Exercise: Give the data back exactly. Leave out any images.

Information supplied:
★ ★ ★

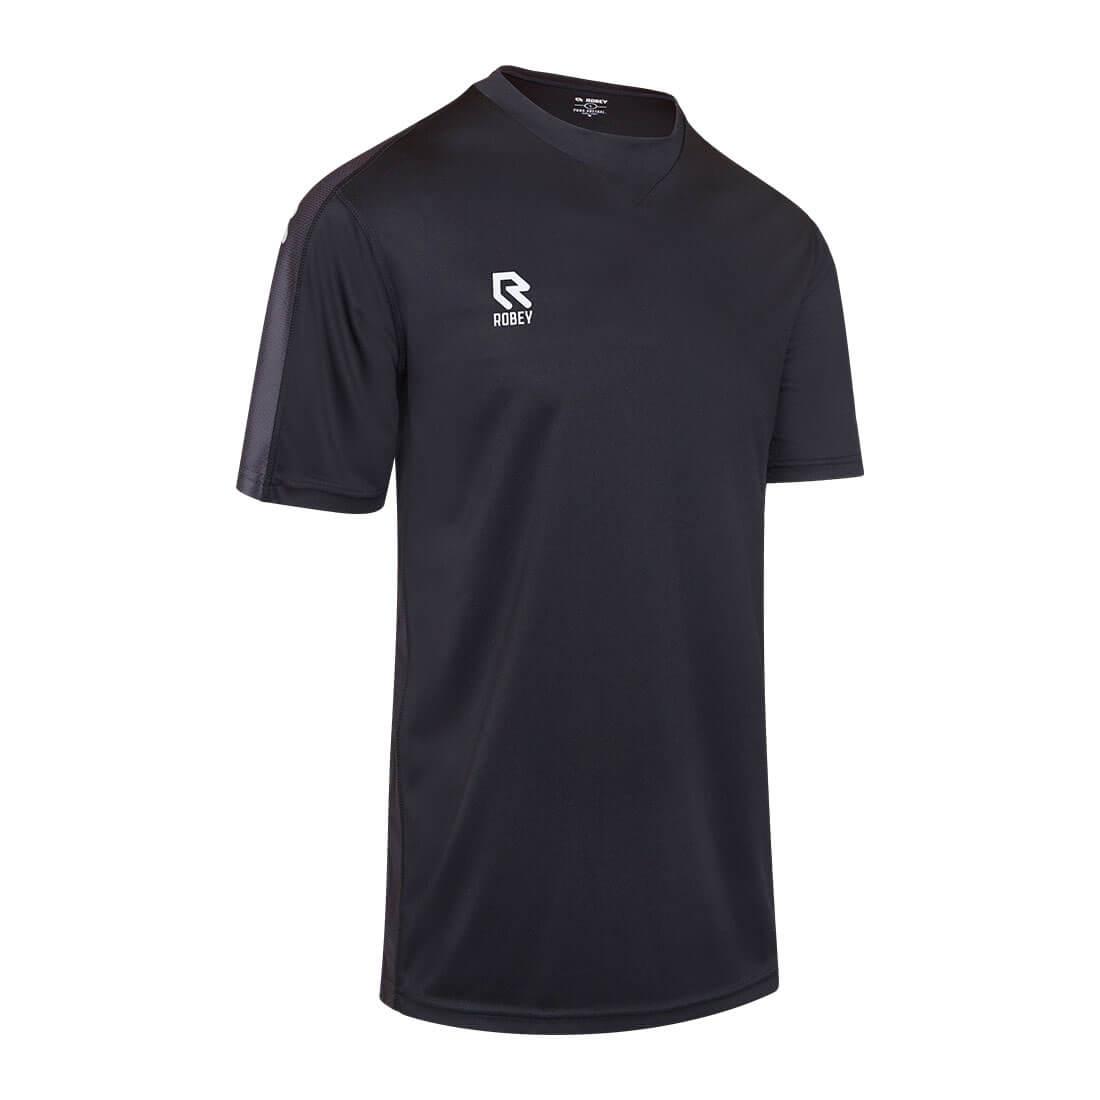 Robey Performance Shirt - Black
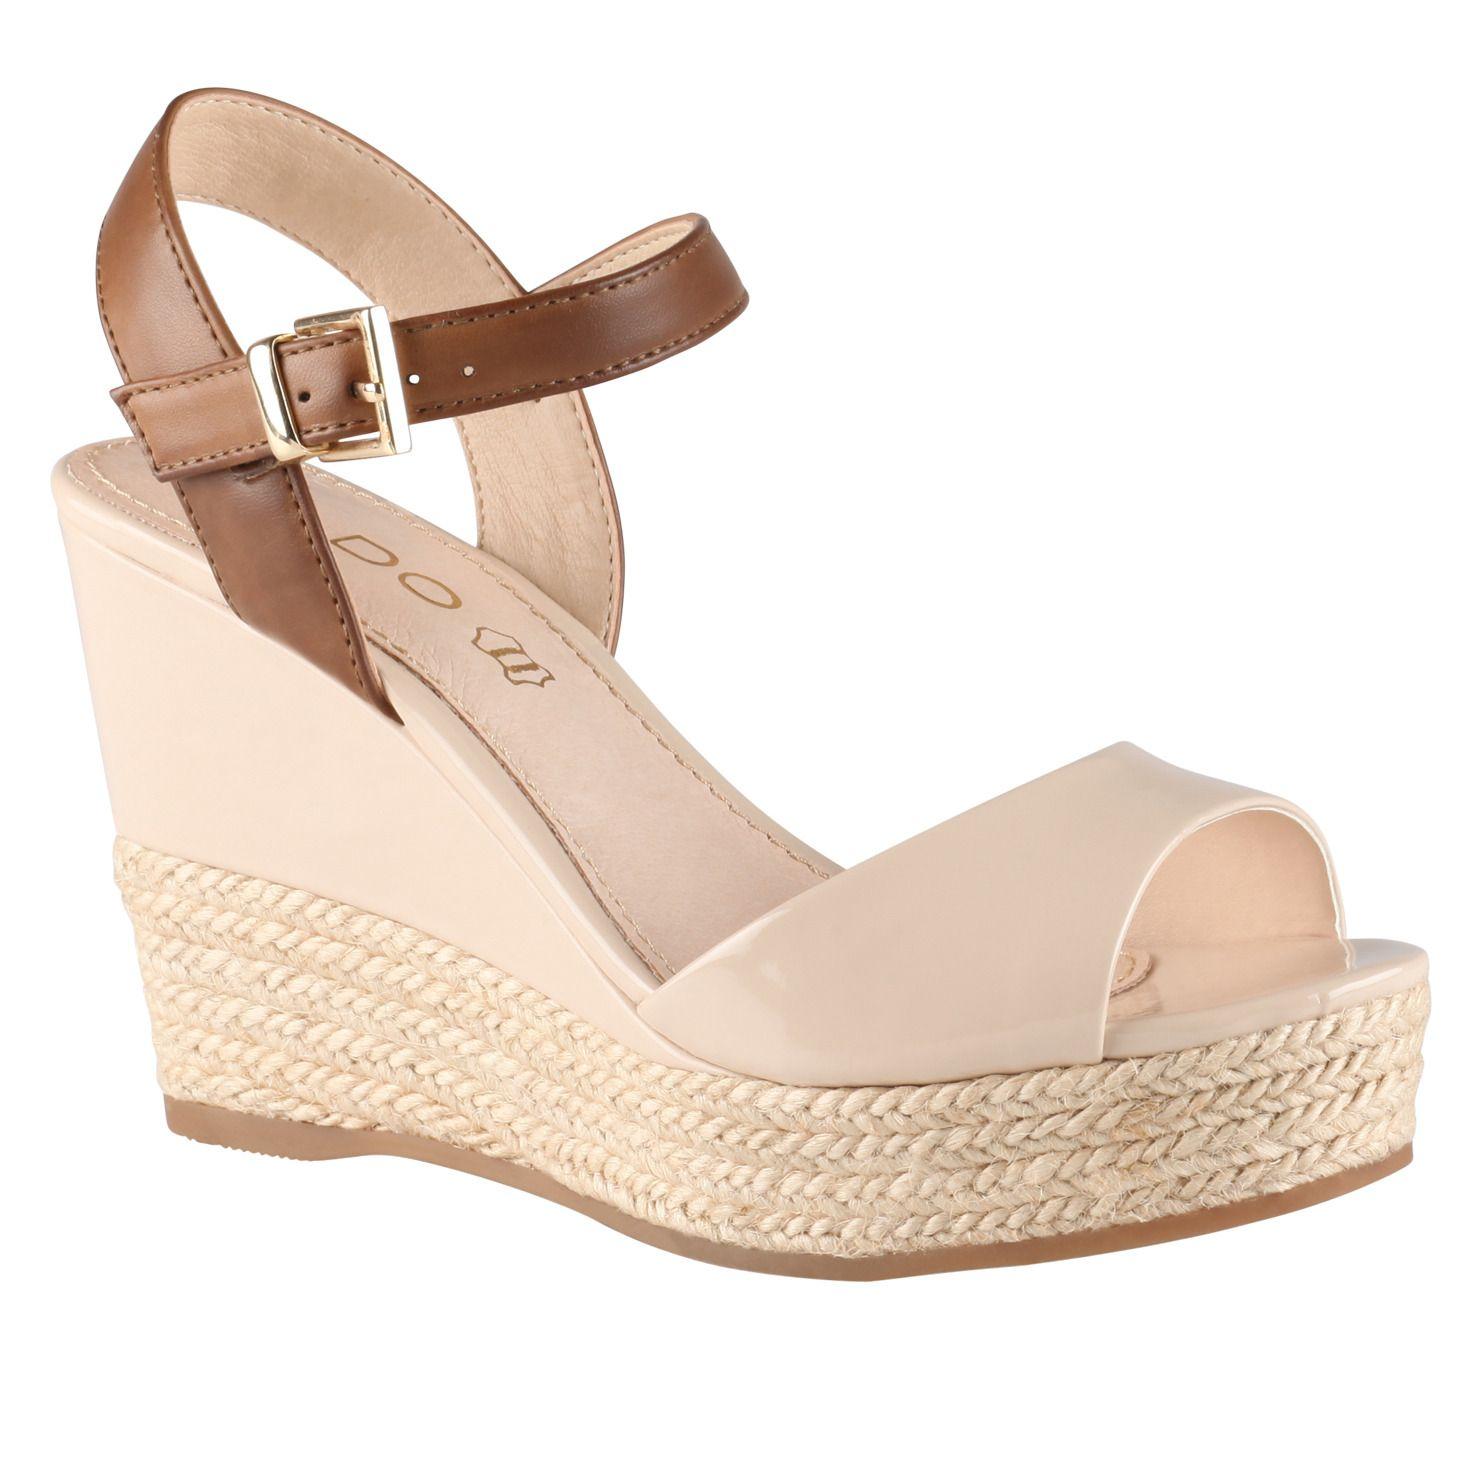 bb7e2527bfc1 SCLAFANI - women s wedges sandals for sale at ALDO Shoes.
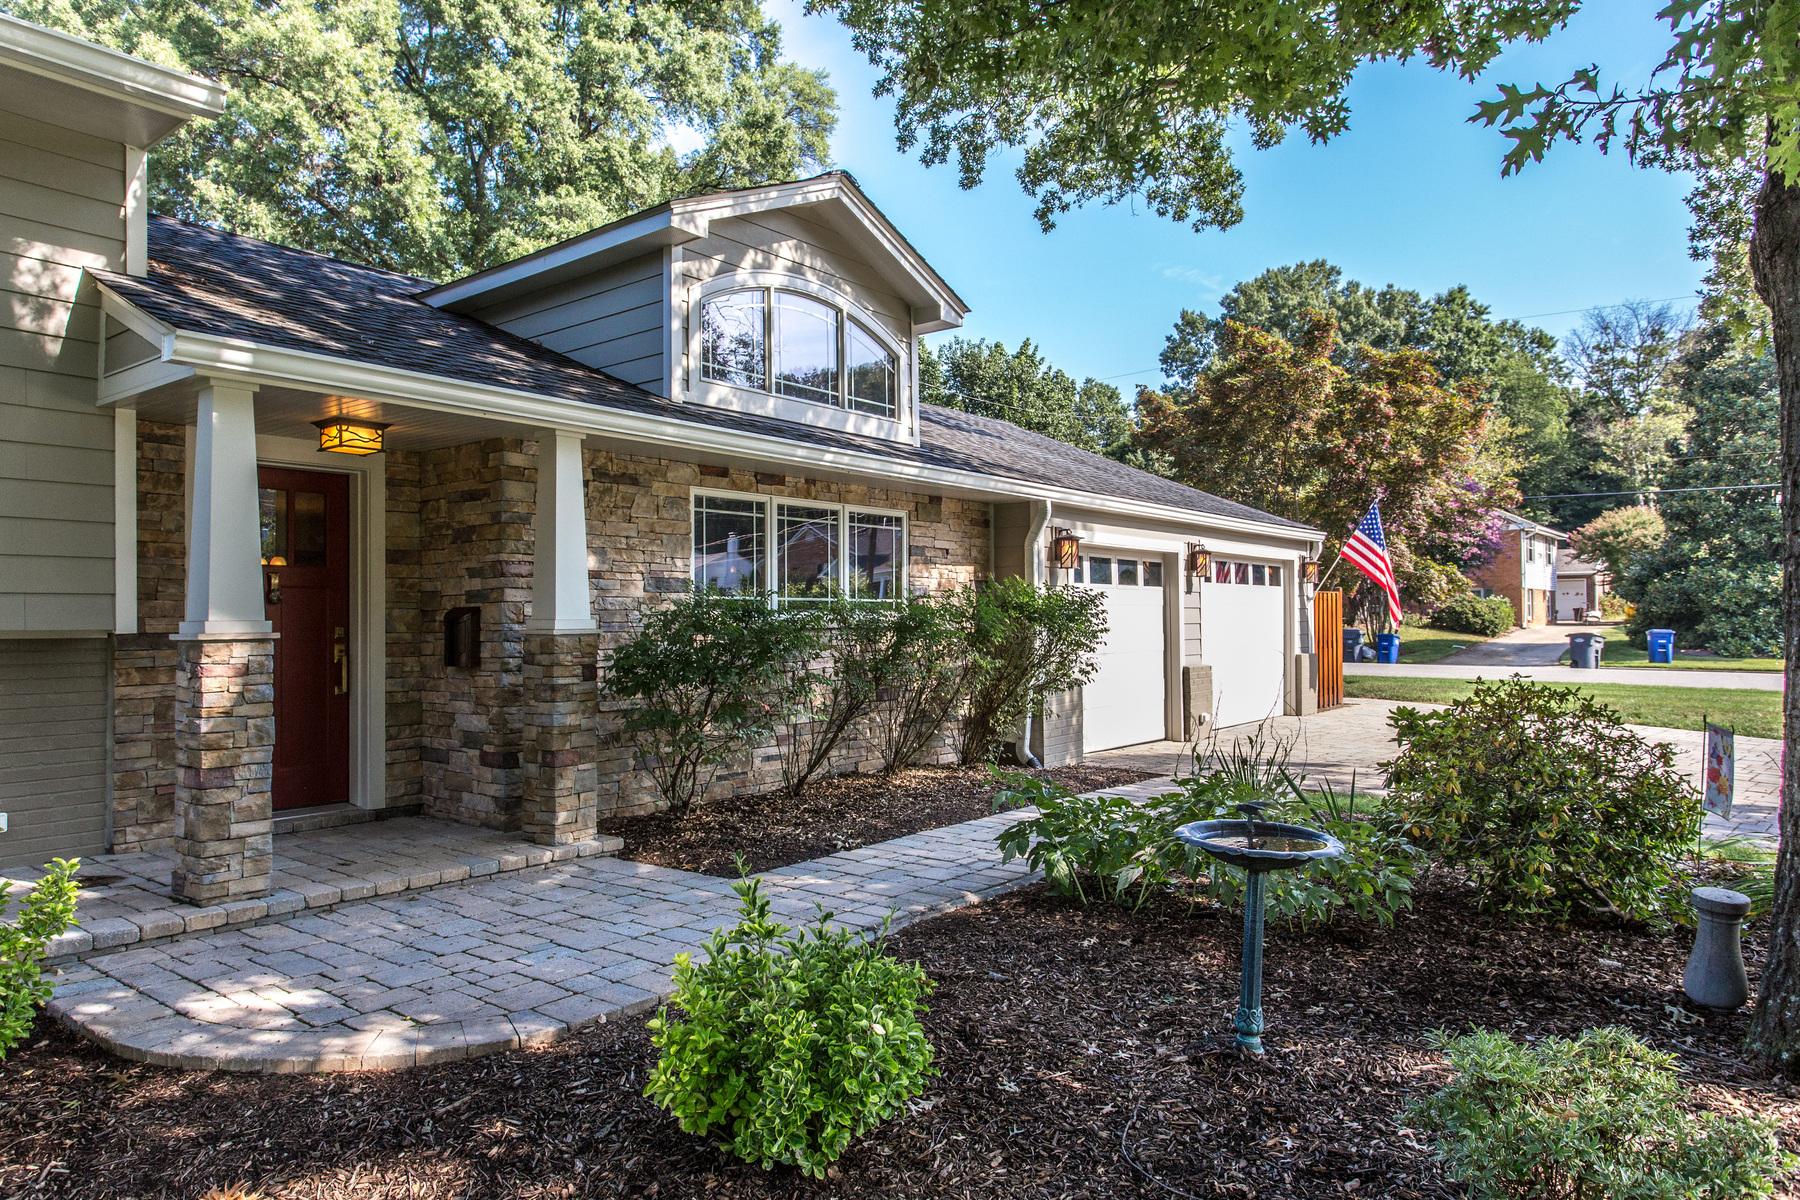 Single Family Home for Sale at 8402 Morey Lane, Alexandria 8402 Morey Ln Alexandria, Virginia 22308 United States

★ ★ ★

Answer to this problem:
 Robey Performance Shirt - Black
 bb7e2527bfc1 SCLAFANI - women s wedges sandals for sale at ALDO Shoes.
 Single Family Home for Sale at 8402 Morey Lane, Alexandria 8402 Morey Ln Alexandria, Virginia 22308 United States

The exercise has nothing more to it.